To the best of our knowledge, this is the first attempt of a distributed multidimensional stream clustering framework that combines index data structure for summarizing and maintaining local microclusters, and online tracking for the monitoring and maintenance of global clustering.

As a summary, our main contributions of the paper are as follows:

  • We extend ClusTree into a distributed framework DistClusTree.

  • We propose adaptable solutions to select local microcluster summaries to be sent to the central site. The central site then refines the quality of clustering according to real-time network traffic and degree of privacy.

  • We model the monitoring and maintenance of distributed clustering as online tracking and extend a 1-to-1 multidimensional online tracking scheme into m-to-1 (m local sites with one central site).

  • We demonstrate through extensive experiments the performance of our framework in balancing communication cost and clustering quality.

2 Related Work

Due to space limit, here we only briefly review the typical distributed clustering algorithms related to our work. In [2], two types of continuous distributed clustering algorithms were proposed: local and global. The algorithm is formulated based on k-center clustering algorithm. The main objective in k-center is to minimize the maximum radius/diameter of the clusters. In their local solutions, each local site builds and keeps its local model, and only updates are sent to the central site. In their global algorithm, a global model is created iteratively in a central site by message passing between local sites and the global site. Then the global model is sent to all local sites and in this way all sites have the same view of the clustering model. Local sites insert their data points into the global clustering and continuously send their updates to the central site. The central site decides whether it needs to recompute the global model and sends the new clusters to the local sites. As in most of the distributed clustering settings, distributed clustering results are compared with their centralized counterpart.

A distributed extension of the Expectation Maximization (EM) algorithm called CluDistream is proposed in [12]. The authors introduced a framework for clustering distributed data streams in the presence of noisy and incomplete data.

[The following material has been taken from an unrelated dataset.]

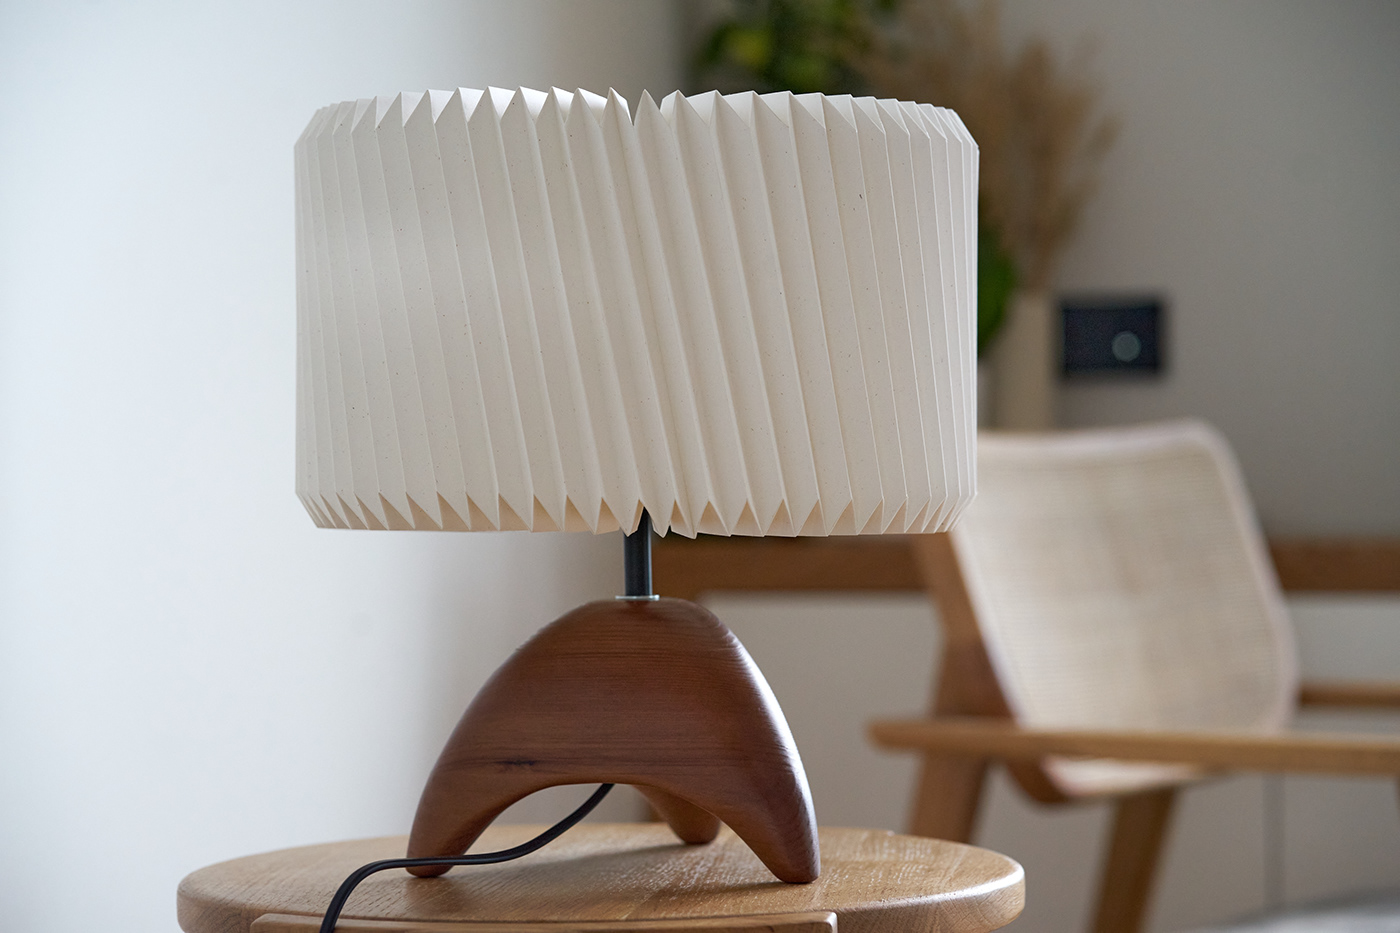 furniture handmade industrial design  Interior paper art papercraft product design  table lamp woodworking

The underlying distribution of data has been learnt by maximizing the likelihood of the data clusters. Local sites monitor the current model till they could not describe a new chunk of data. Then a clustering is performed to account for the changing data distribution. In this way, they reduced communication cost by just sending updates from local sites to the central site. In [5], centralized density based clusterings algorithm (DBSCAN) [3] was extended to the distributed model. Each local site performs a clustering on its own data and sends its representatives to the central site. Local representatives are grouped into each other to represent the final clustering in the global site. The work shows that the results of clustering in centralized and distributed model are significantly close to each other. There are some other works that have addressed clustering distributed data streams such as [6, 7] and there is a recent survey [9] on distributed clustering of ubiquitous data streams.

3 Preliminaries

In this section we explain in more detail: (i) the ClusTree approach adopted for local clustering in DistClusTree; (ii) the underlying R-tree data structure in which local cluster summaries are stored and maintained.

ClusTree-ClusTree is introduced in [8] as a stream clustering algorithm with the ability of anytime clustering. ClusTree consists of two phases: online and offline. In the online phase, it collects summary of data in the form of a vector of number of data points (N), linear sum (LS), and Squared Sum (SS) of data points – the Cluster Feature Vector (CFV) considered as a microcluster. Storing these summaries instead of raw data helps to save space. Also, these summaries are sufficient to compute statistical parameters such as mean, variance, centroid, radius, diameter for further off-line clustering. Updating CFVs is easy and computationally fast because of their additivity and subtractive properties. ClusTree uses an index tree data structure, essentially an R-tree, to maintain collected summary statistics (i.e. the microclusters). The idea is to build a hierarchy of microclusters at different levels of granularity. This data structure accelerates the process of searching the right microclusters for inserting new data points as they arrive. When a new data point arrives, it descends the index tree till arriving the leaf node which contains a microcluster that has the minimum distance to the inserted data point. From time to time microclusters are transfered to a disk to be kept for further offline processing. For example a data partition clustering like k-means or DBSCAN is performed on microclusters to form final clusters in an offline phase. The outputs of the offline phase are macroclusters whose size is relatively small compared to the entire data stream.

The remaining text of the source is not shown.